Notes and guidance: large data set

Our new AS and A-level Maths specifications require students to study a large data set during their course of study. The data set is chosen by each exam board, based on Ofqual guidance.

The exams will include questions or tasks that relate to the prescribed large data set, giving a material advantage to students who have studied it.

The large data set is too large to be taken into an exam. Instead, we recommend using the large data set as a classroom tool to support teaching the statistics content of the specification and to familiarise students with working with and manipulating data. Basic knowledge of spreadsheet packages such as Microsoft Excel or Geogebra is required.

Techniques for studying the large data set

Study of the large data set could include the following techniques:

  • sampling
  • histograms
  • scatter graphs and correlation (not causation)
  • measures of central tendency and spread (standard deviation)
  • data cleansing
  • select and critique different presentation techniques
  • probability: exclusive and independent events
  • brief interpretation of the data in order to answer short questions
  • deep interpretation of the data using given graphs and summaries
  • selecting from given graphs and summary data
  • modelling with trend lines for bivariate data
  • modelling with distributions and hypothesis testing
  • describing a situation where data needed to be collected and how it might be done
  • using and interpreting correlation coefficients (A-level only).

Students should be prepared for exam questions that require knowledge of any of the above in an exam.
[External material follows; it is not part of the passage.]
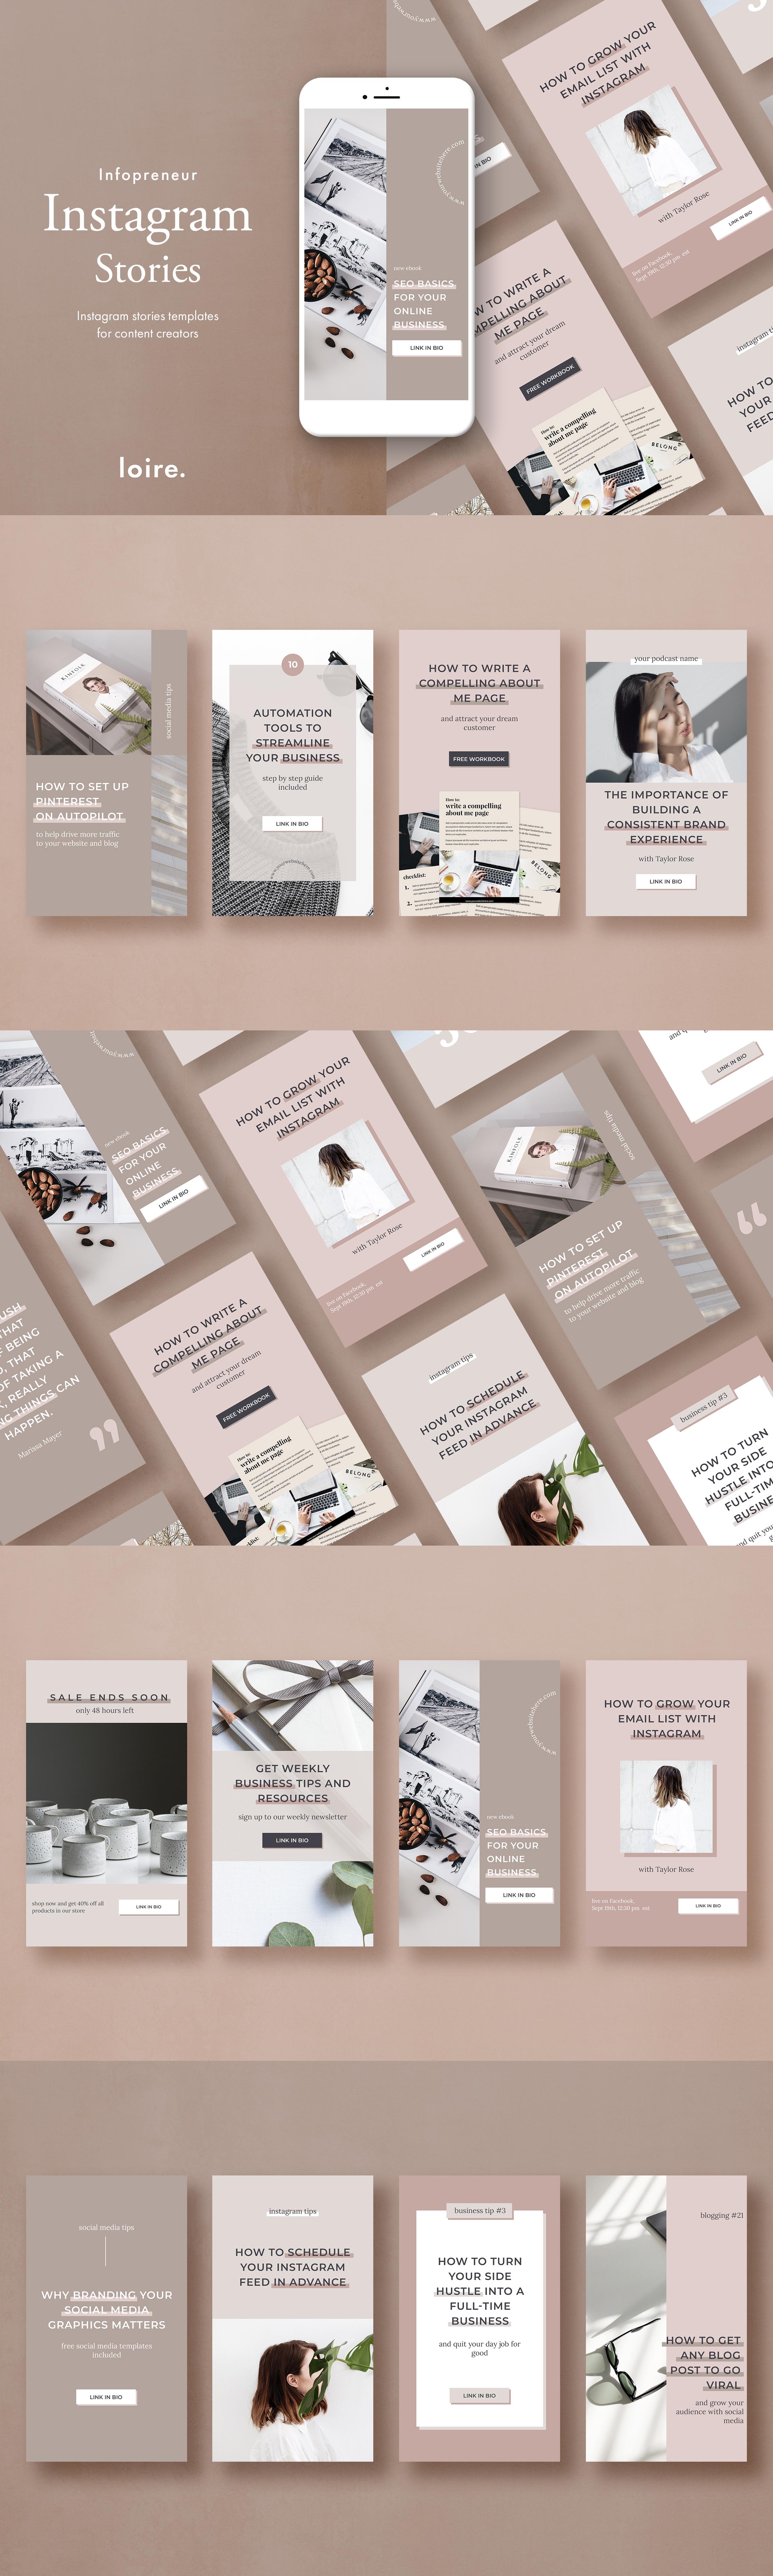 Instagram marketing bundle for bloggers example image 8

Material advantage questions

Examples of questions that give a material advantage to students who have studied the large data set can be found in the sample assessment materials for AS (Paper 2, questions 14 and 16(b)) and A-level (Paper 3, questions 10(a) and 10(c)).

In answering these questions, students would have gained a material advantage through:

  • understanding the categories and sub-categories that the large data set uses
  • understanding how values in the large data set are rounded
  • knowledge of trends in the data
  • knowledge of outliers and other anomalies in the data.